Introducing quake-frame.el: My Take on a Terminal Visor, But Running Emacs
I noticed that in all terminal emulators I tried (iTerm, Ghostty, kitty), I rely on a system-global shortcut to show me a session that I use whenever I need to terminalize something right now, right there, like ffmpeg something or bulk delete with a pattern or convertmagick an image. I had this for ages, and I miss it when it’s not there.
I’ve had iTerm show this in the style of a classic Quake Console – yes, from the game; a console that slides in from the top of the screen, and which in games I mostly used for cheat codes. I used this a lot in Unreal to make the intro cinematic interactive and play in that cool castle. (Ghostty has settings that made the sizing a bit trickier but workable. But eventually Kitty’s settings convinced me to try a centered window instead of one sticking to the top. Kitty also convinced me of making the console not hide automatically when it loses focus, which makes pasting into it much nicer.)
A couple of week after trying terminal emulators, I inevitably wonder why I’m spawning a window that only shows zsh when so many file operations and image manipulation and … well, basically everything is nicer in Emacs.
Wouldn’t it be possible to dedicate a GUI window just to this purpose?

So here we are. It’s possible, and now it’s a package.
It took me a few hours to over-engineer a spec-driven approach to make this possible with the help of LLM’s, Claude Code in particular. I archived the whole history of the thought-process of planning and then let Claude Code orchestrate an implementation with subagents in ~50min while I went groceries shopping with my daughter. The whole process taught me how to make named Emacs daemon (aka server) sessions and use them in end-to-end testing without interfering with my own setup. I learned a bit about how Emacs frames can be configured. And it renewed my love for Emacs and its malleability – there were so many cool alternatives to implement the same feature along the way that it sometimes was genuinely hard to pick a path!
Having a stochastic apparatus come up with fringe ideas to use and configure the package made me curious to try a couple of these myself, too. So all in all, the Claude Code driven experience was a success for me.
I even like the tagline that was generated:
Press a key. Get Emacs. Press again.

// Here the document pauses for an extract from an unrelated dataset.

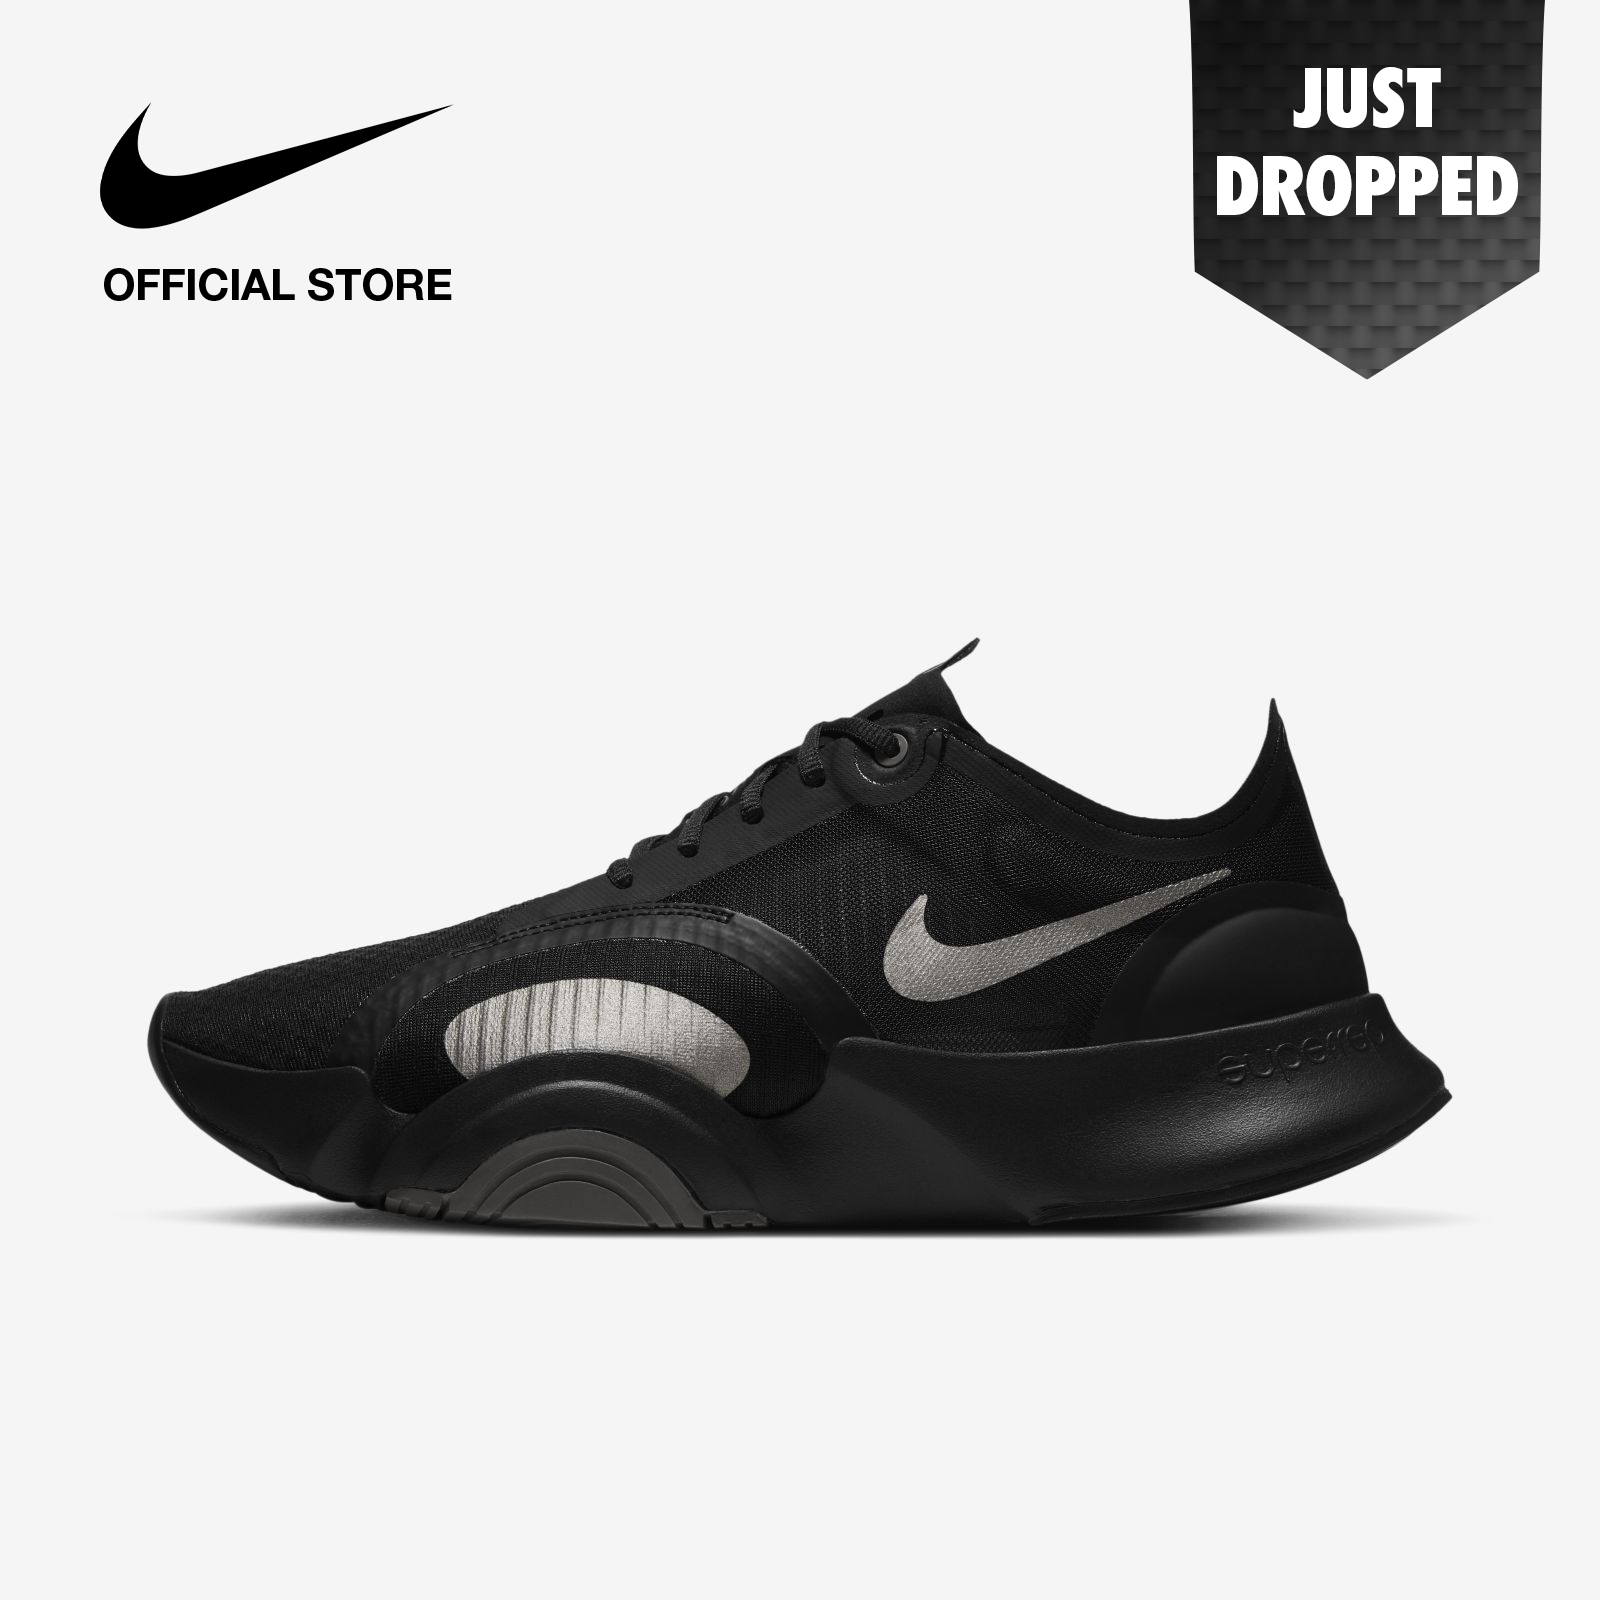 Nike Men's SuperRep Go Training Shoes - Black ไนกี้ รองเท้าเทรนนิ่งผู้ชาย ซุปเปอร์เรป โก - สีดำ

It’s gone.
That’s it.
Get the quake-frame.el package from Codeberg:
https://codeberg.org/ctietze/quake-frame.el
Note: I only tested this on macOS because I don’t have a Linux with any GUI ready at the moment.
Extensive documentation in the readme will tell you how to configure things, and it comes with recipes to get you started quickly.
Unlike other visor-style packages that existed already, this one is not animating anything. You could get transparency if you want with a simple tweak.
I still stick to the center location with a slight offset. I believe there’s value in caring for small UI details like this, to nudge the window a couple of percentage points off center. The window sizing should just work and make sense and do the right thing.
The customize group is self-documenting and covers all the settings.
You can reset the frame when you dismiss it, or restore whatever was inside. You could force it to always show your favorite eshell session.
In the end, it’s just managing a GUI window for you so that you can bind a system-global hotkey to it. (I use Keyboard Maestro on Mac.)